[ASSIGNED TASK]
Write out exactly the lines from the one that contains "マーモットまたは小動物のきしむ音、...の未再生の波形" down to the last line of the material below, keeping both ends and omitting pictures.

###

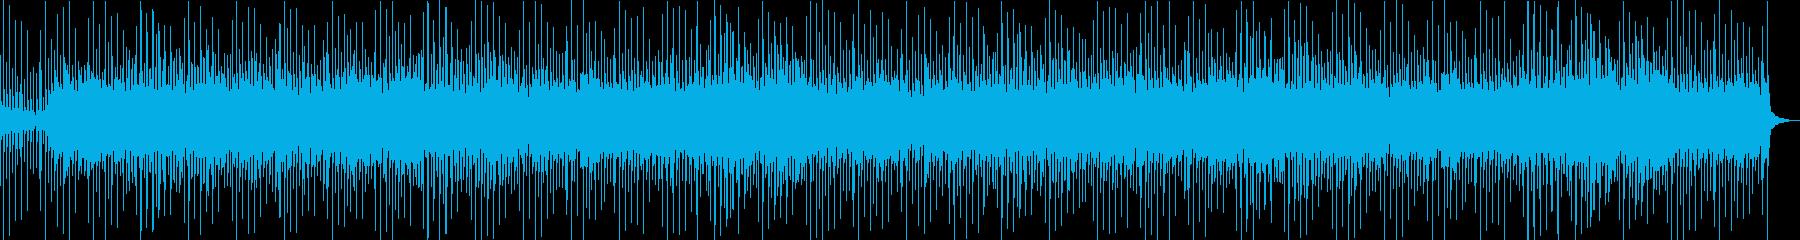 カントリー風スライドギターの再生済みの波形
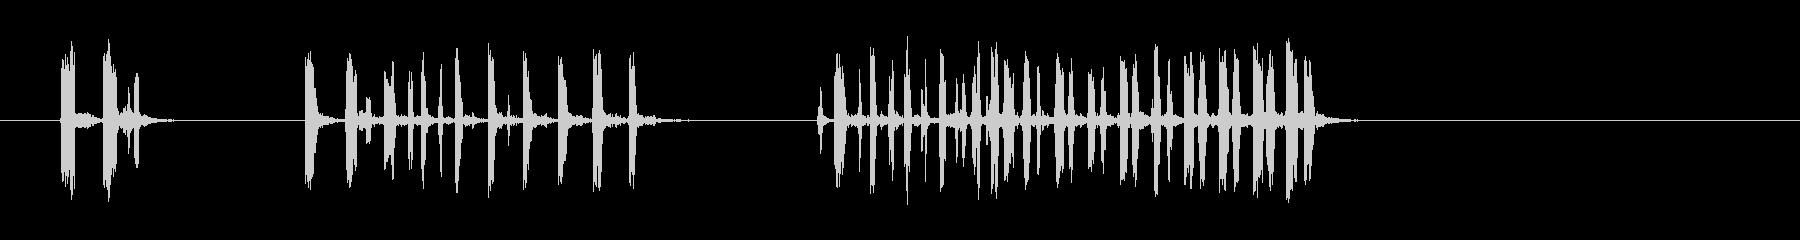 マーモットまたは小動物のきしむ音、...の未再生の波形
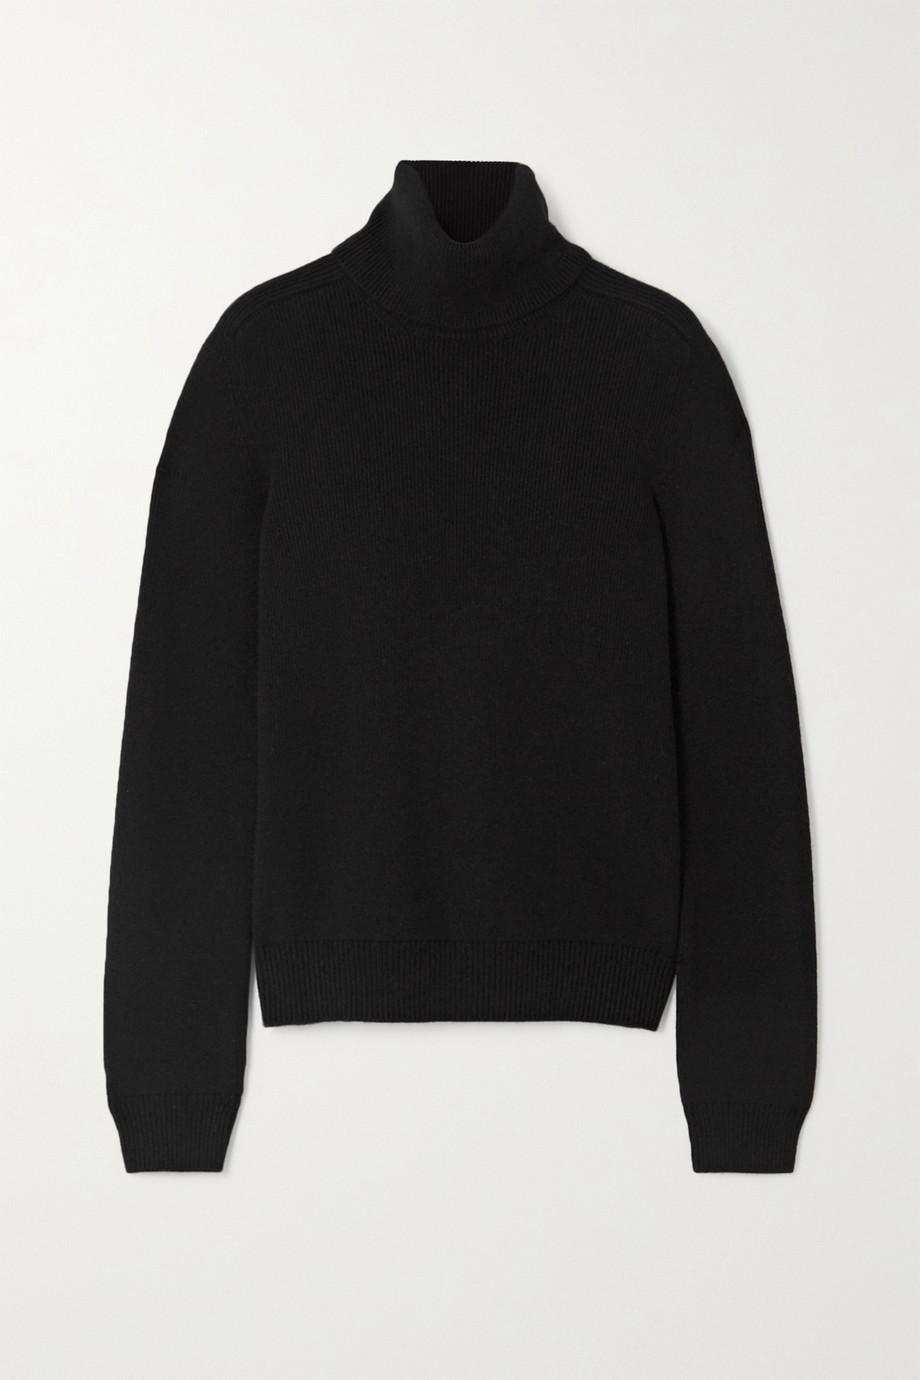 SAINT LAURENT Cashmere turtleneck sweater
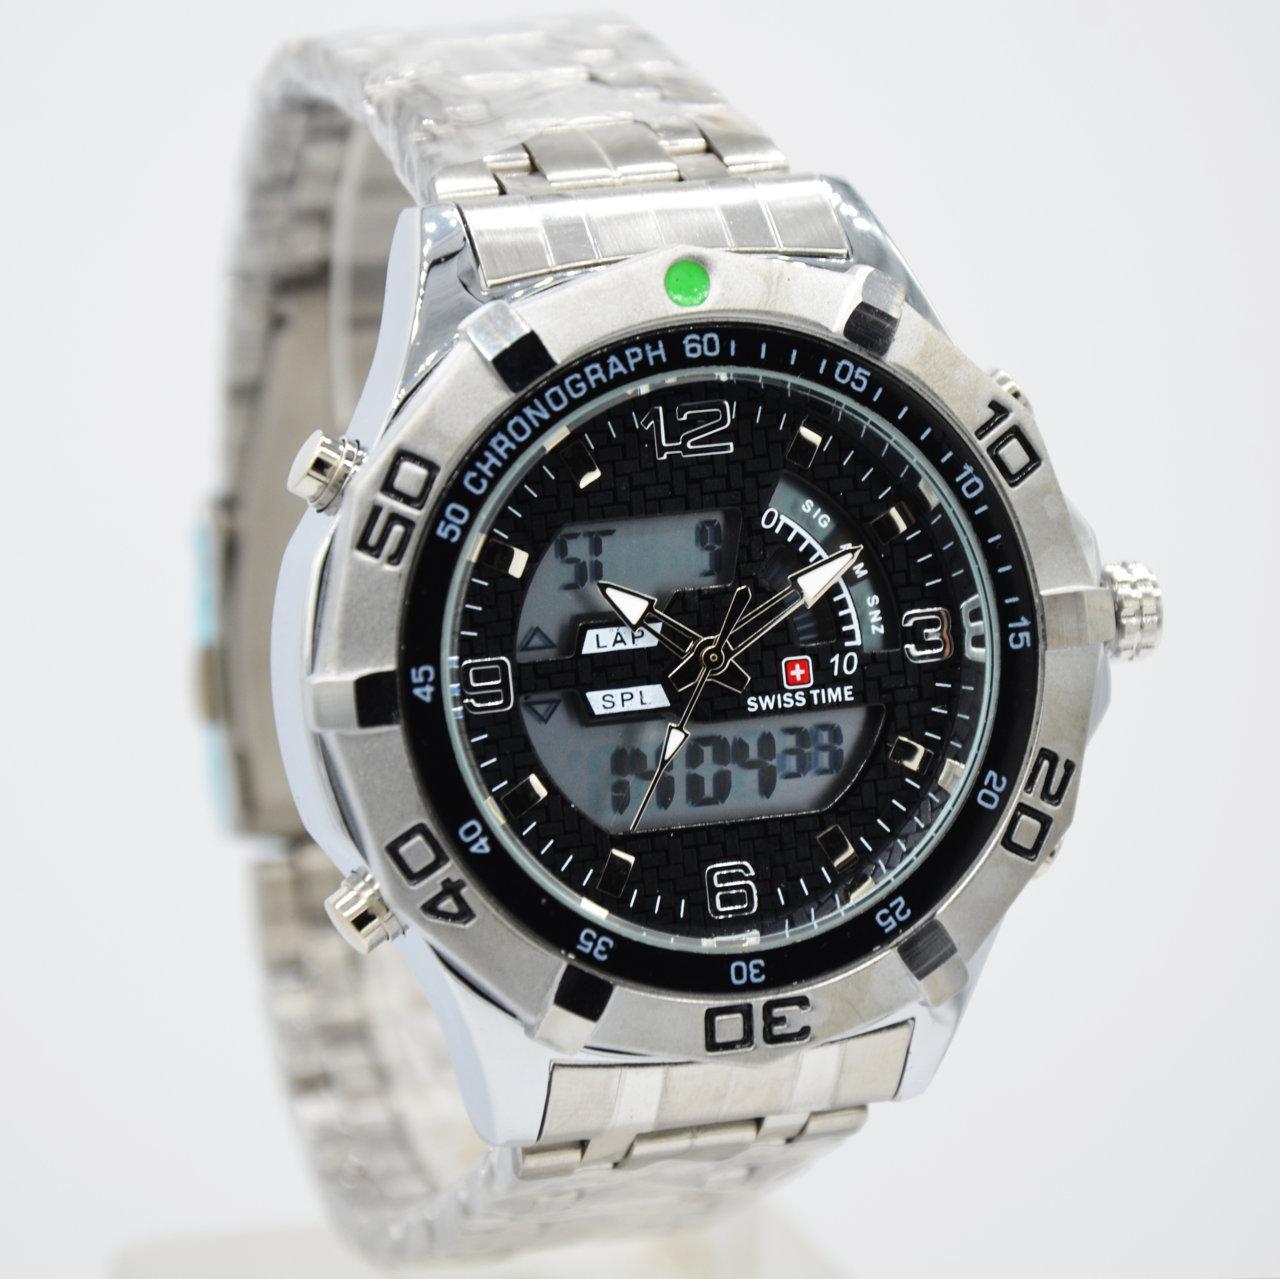 Swiss Army/Time dual time - Jam Tangan Pria - SA 88A Silver
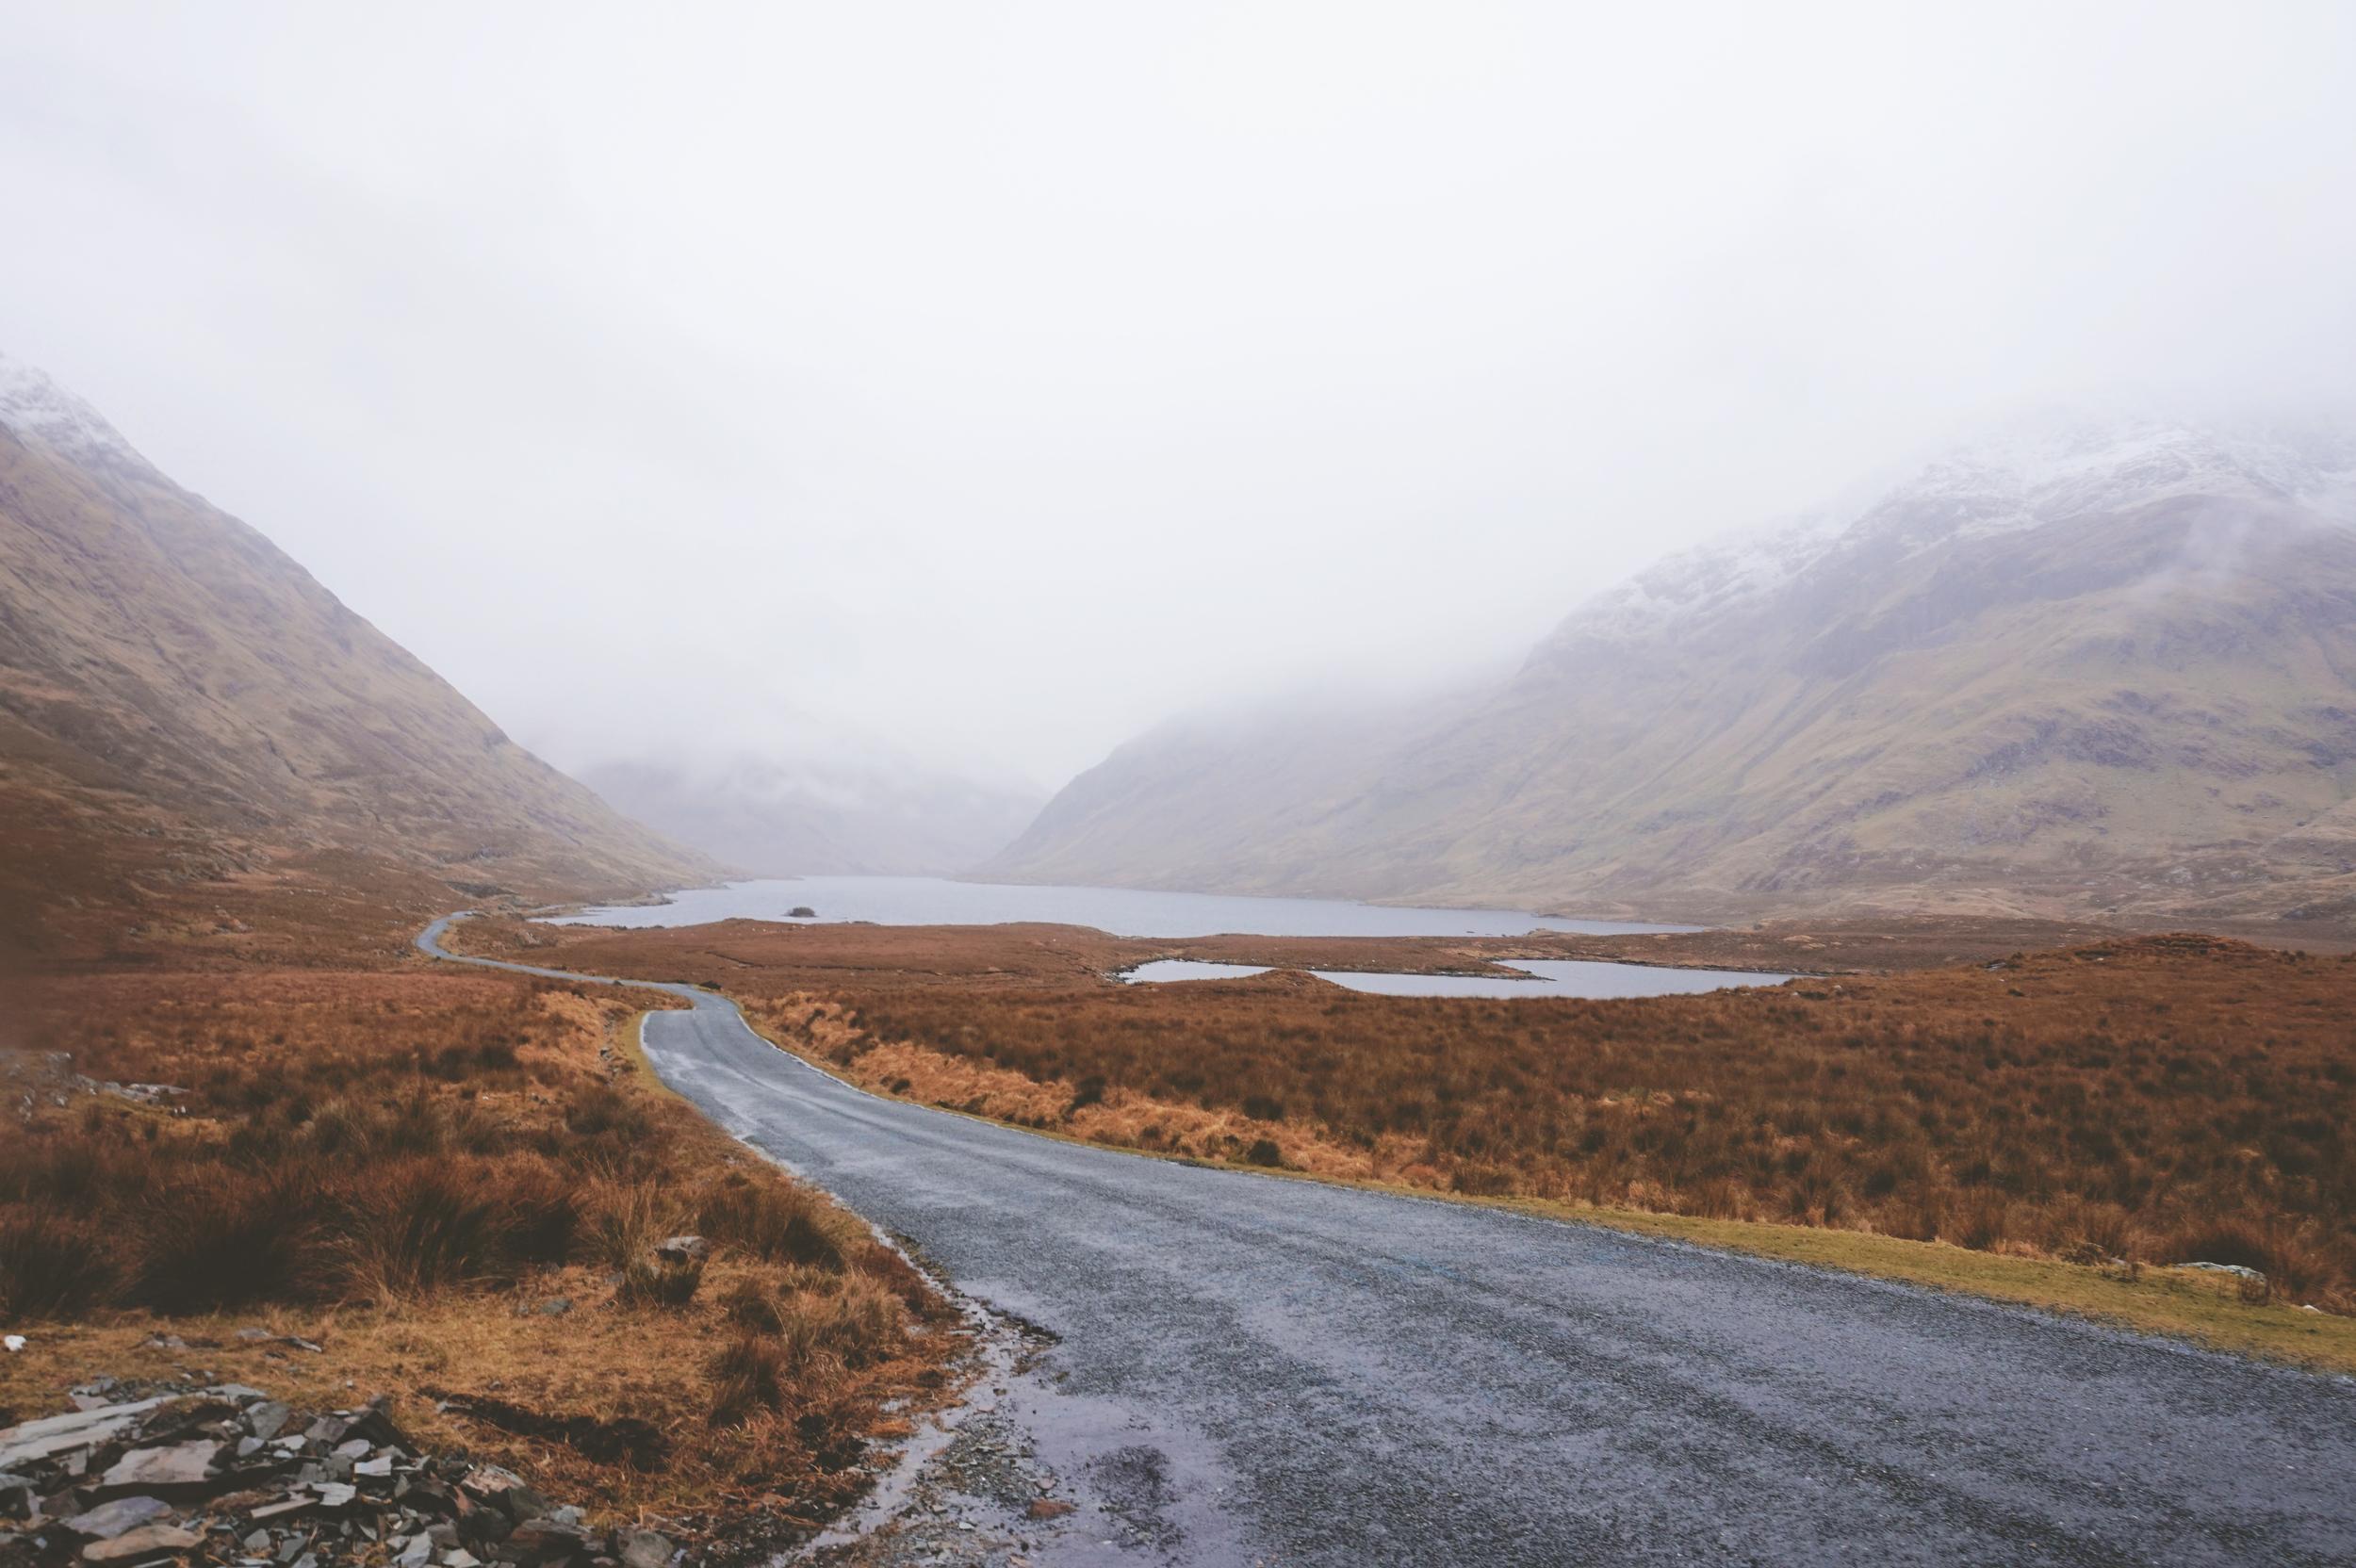 rainy-road-travel

###

[EXPECTED ANSWER]
 マーモットまたは小動物のきしむ音、...の未再生の波形
 SAINT LAURENT Cashmere turtleneck sweater
 Swiss Army/Time dual time - Jam Tangan Pria - SA 88A Silver
 rainy-road-travel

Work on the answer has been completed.